__Data for the task__.

------------------------------

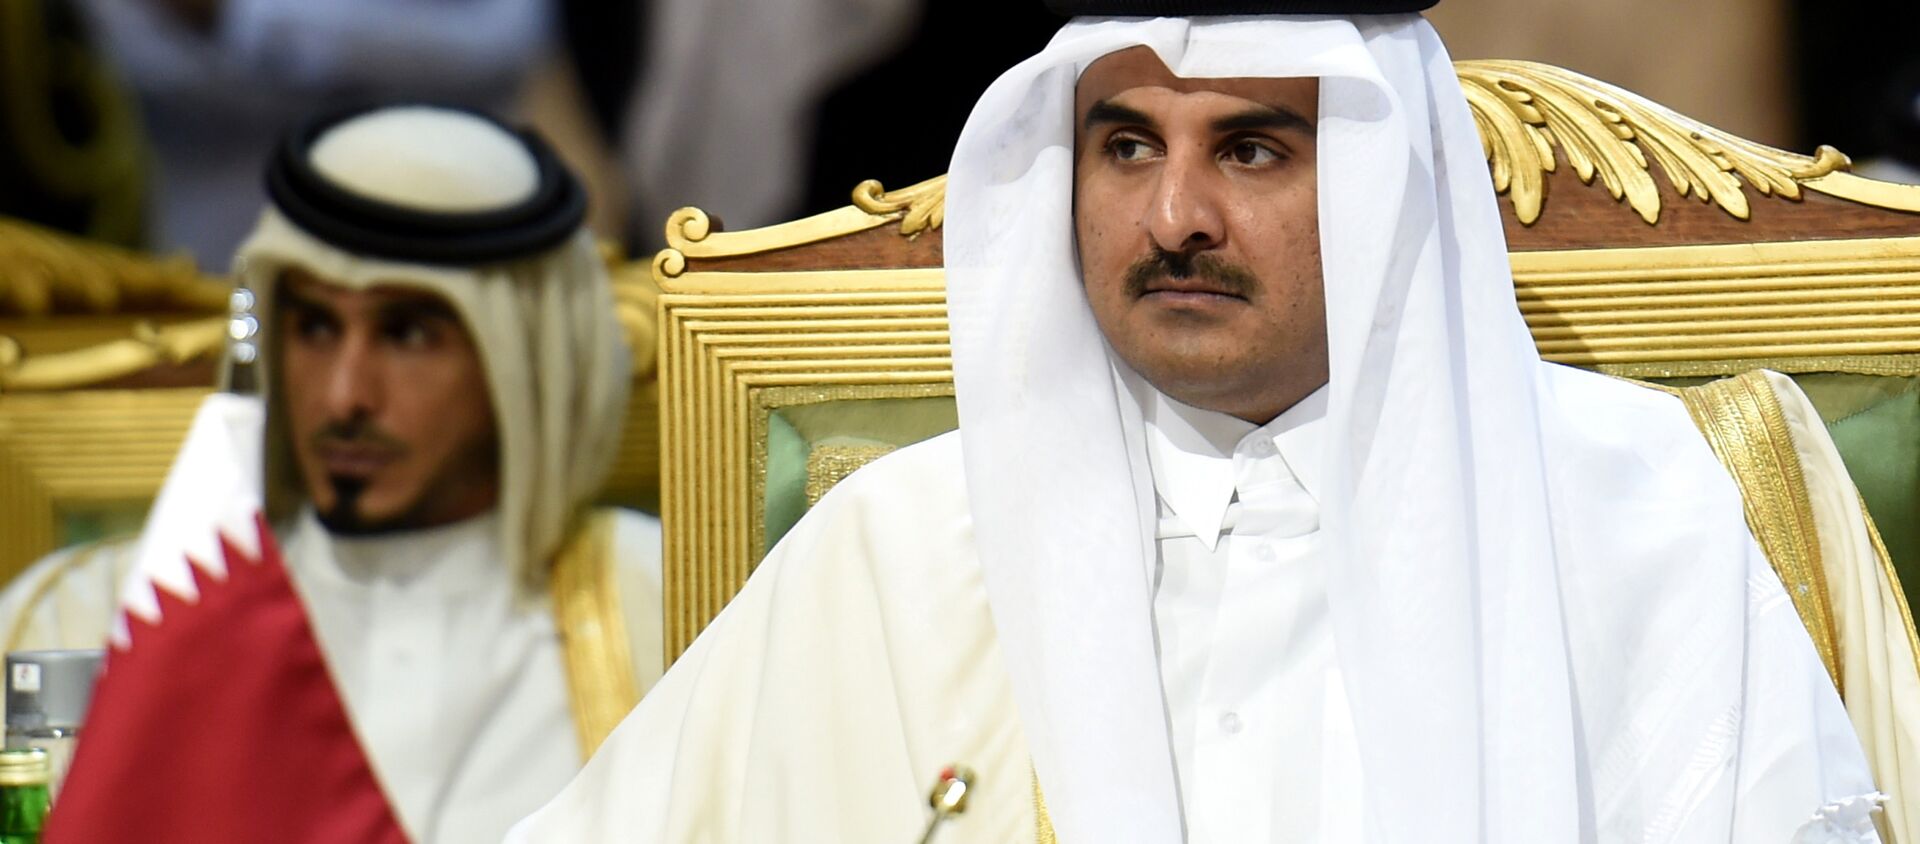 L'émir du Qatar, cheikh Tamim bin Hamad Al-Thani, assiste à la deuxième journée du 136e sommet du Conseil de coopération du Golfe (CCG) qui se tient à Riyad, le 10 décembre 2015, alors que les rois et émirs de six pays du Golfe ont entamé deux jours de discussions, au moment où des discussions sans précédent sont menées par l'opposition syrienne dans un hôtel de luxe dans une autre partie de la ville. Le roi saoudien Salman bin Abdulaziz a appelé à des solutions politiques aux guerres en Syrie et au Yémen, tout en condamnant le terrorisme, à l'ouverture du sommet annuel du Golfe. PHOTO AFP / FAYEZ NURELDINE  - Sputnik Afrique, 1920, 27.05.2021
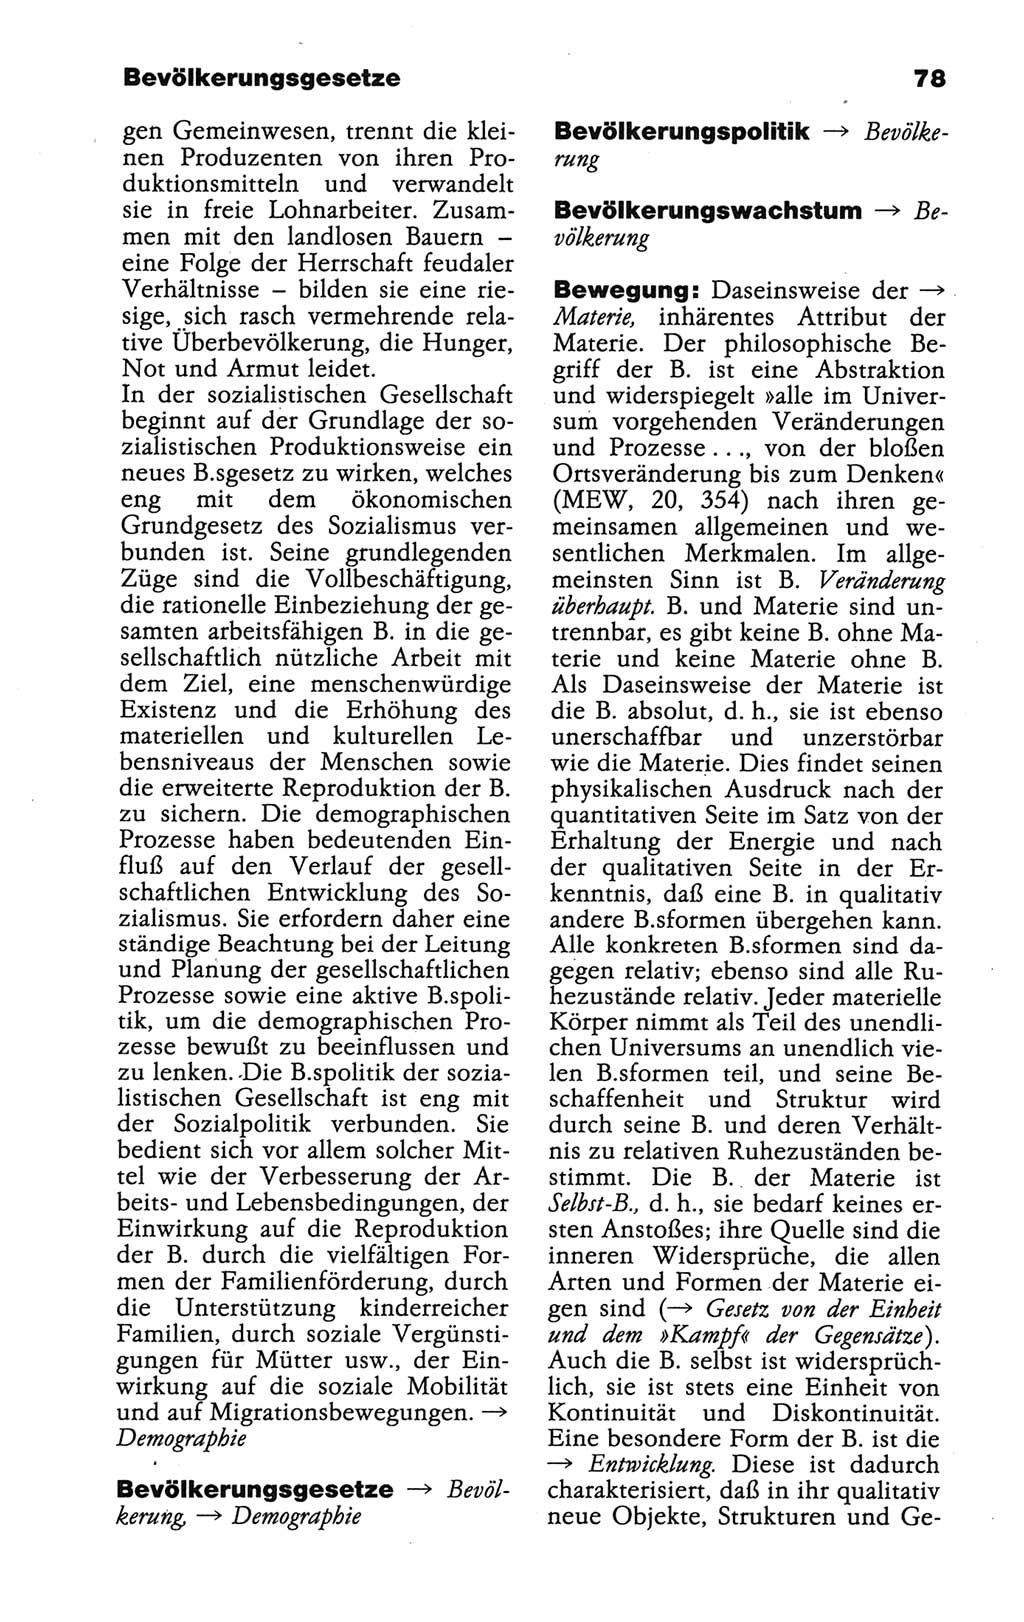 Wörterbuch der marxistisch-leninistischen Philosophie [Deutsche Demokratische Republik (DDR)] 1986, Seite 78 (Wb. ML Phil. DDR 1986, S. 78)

------------------------------

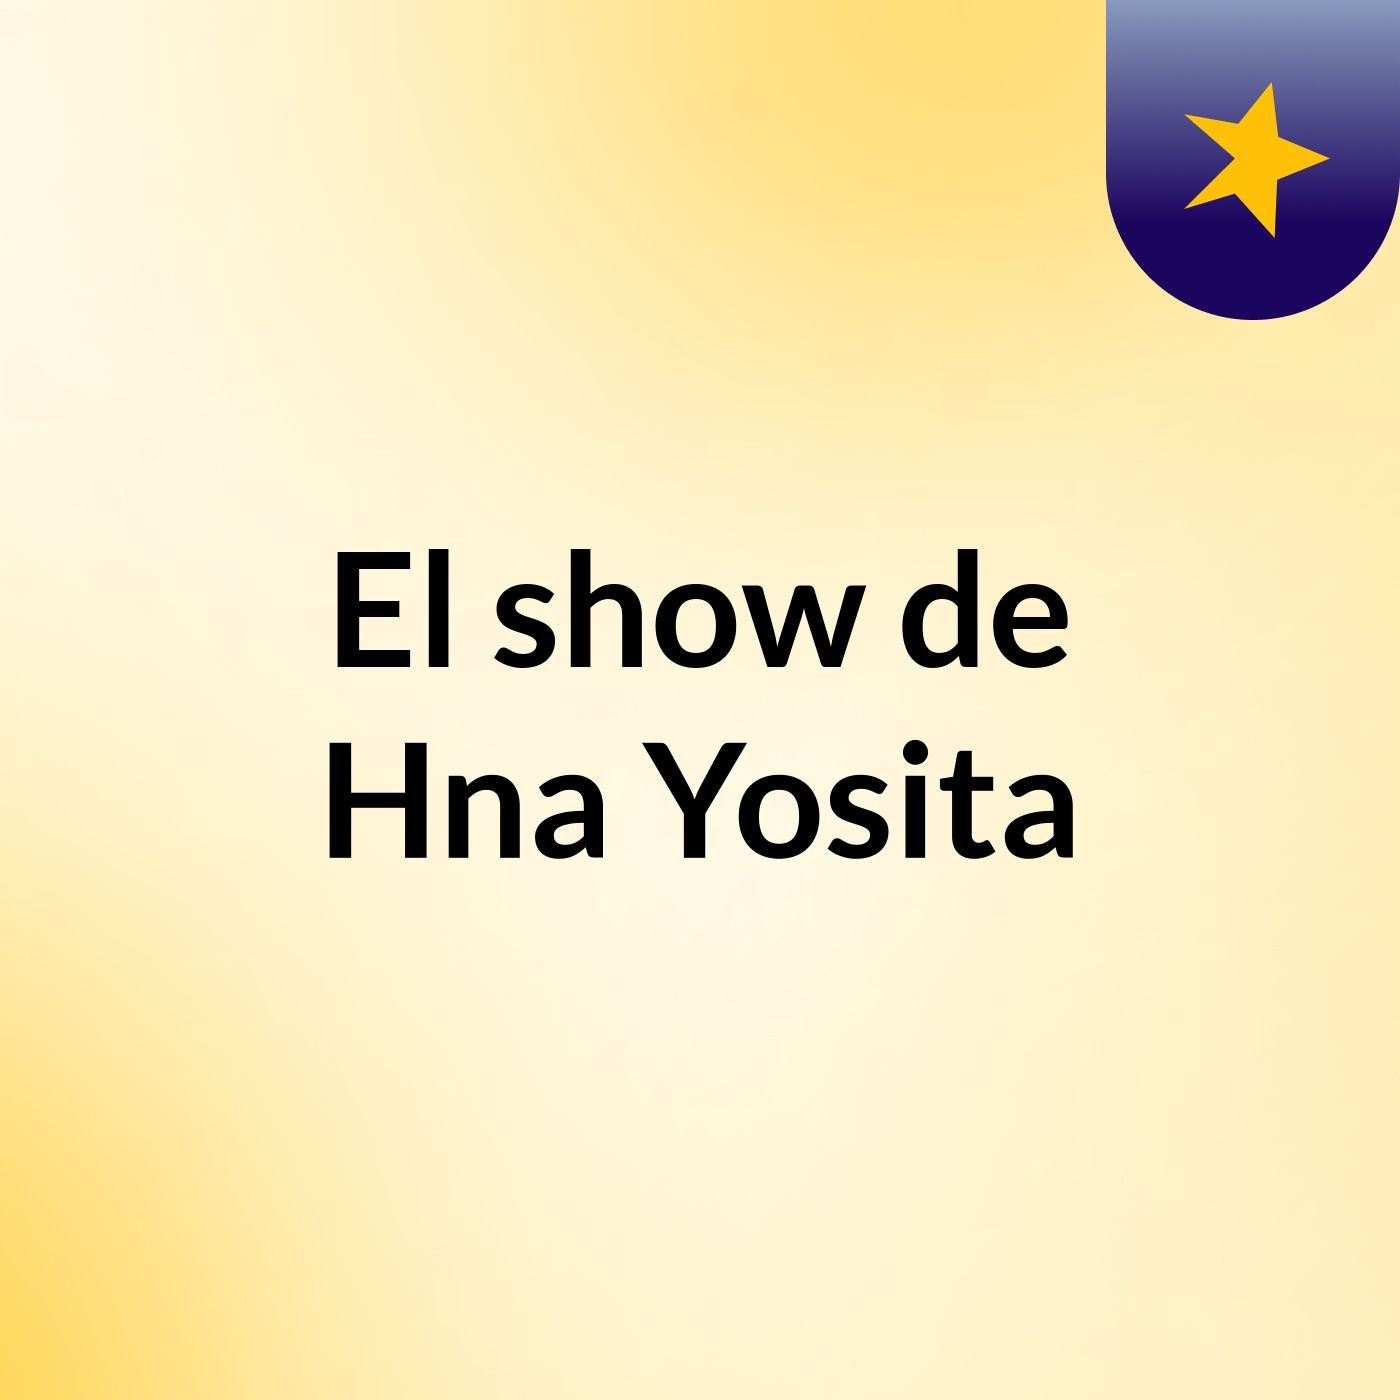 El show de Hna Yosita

------------------------------

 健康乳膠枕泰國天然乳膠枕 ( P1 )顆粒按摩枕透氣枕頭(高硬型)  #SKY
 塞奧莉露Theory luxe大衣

------------------------------

__What you have to do__. Although pictures appear among the entries, please set down only the lines from the one with "L'émir du Qatar, cheikh" up to and including the one with "Wörterbuch der marxistisch-leninistischen", word for word.

__Answer to this task__.
 L'émir du Qatar, cheikh Tamim bin Hamad Al-Thani, assiste à la deuxième journée du 136e sommet du Conseil de coopération du Golfe (CCG) qui se tient à Riyad, le 10 décembre 2015, alors que les rois et émirs de six pays du Golfe ont entamé deux jours de discussions, au moment où des discussions sans précédent sont menées par l'opposition syrienne dans un hôtel de luxe dans une autre partie de la ville. Le roi saoudien Salman bin Abdulaziz a appelé à des solutions politiques aux guerres en Syrie et au Yémen, tout en condamnant le terrorisme, à l'ouverture du sommet annuel du Golfe. PHOTO AFP / FAYEZ NURELDINE  - Sputnik Afrique, 1920, 27.05.2021
 Wörterbuch der marxistisch-leninistischen Philosophie [Deutsche Demokratische Republik (DDR)] 1986, Seite 78 (Wb. ML Phil. DDR 1986, S. 78)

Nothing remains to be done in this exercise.